In Facebook’s case, the stock managed to close less than 1% above its IPO price on May 18. After that day, however, it began to drop, which is when bankers were able to move in and cover their short positions at a profit.
As the results emerge from the recent string of Internet IPOs — from Facebook, to Zynga, Groupon and even LinkedIn — I can’t help but feel that the cynicism about the IPO process that already existed among investors will continue to grow. If so, it threatens to hurt the entire tech ecosystem. It was already hard enough to go public. If the IPO process gets shunned by investors for being rigged, companies are left with only the acquisition route. But with fewer options, companies will get sub-optimal exits.
So maybe it’s time to pull out that other, more radical Open IPO process (otherwise known as the “Dutch Auction”) for another look. That’s the process that Google nobly pushed when it went public in 2004. The process forces the company to bargain more with the wider community of investors over the starting price. Granted, Google still recruited some big banks to manage the process. But it was a nod in a more democratic direction.

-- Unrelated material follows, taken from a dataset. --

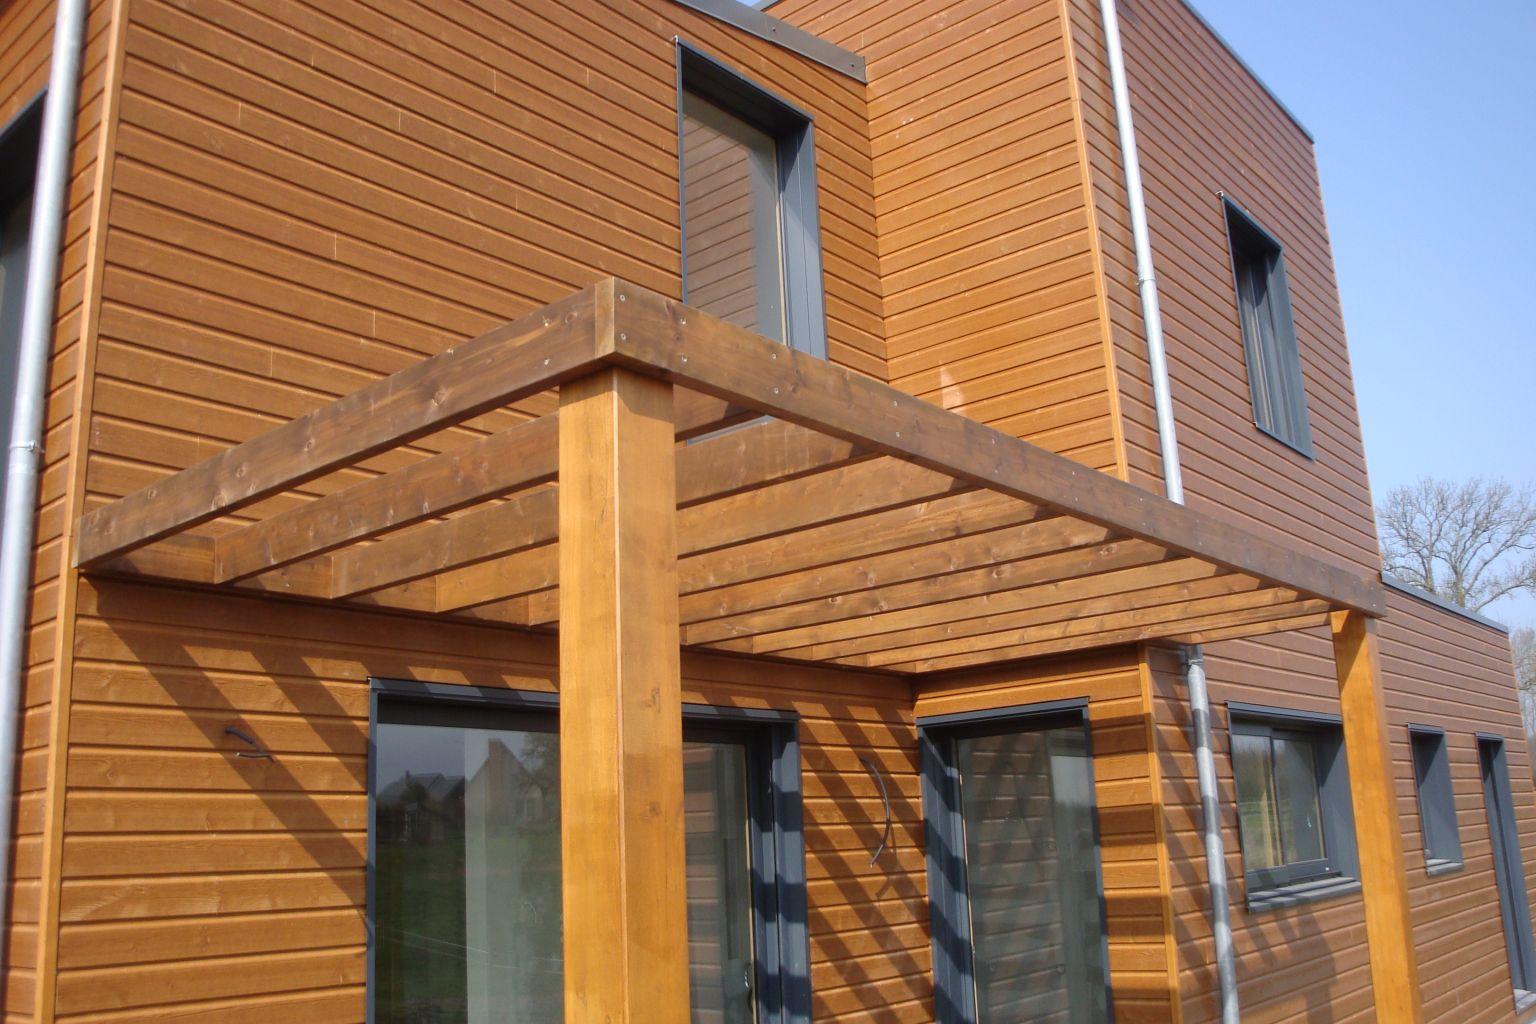 Maison ossature bois à MartinEglise 76370 > DJSLBois

Had it been held more accountable to a larger group of investors (not just the big institutions), Facebook may not have bungled things so badly. So far, though, the big investment banks have disliked the Open IPO process for that very reason: It lessens their power. And IPO companies have been fearful of pissing off the big banks, because those banks owned the distribution channels to large institutional investors. But if the crowdfunding trend continues to gather steam, and if the right online technique can be found to engage institutional investors more efficiently (hell, most investors are already using the Web for investing; why can’t someone create a system that better bypasses the banks?), this could get interesting. We could see another big disruption in the finance space, which can only be a good thing.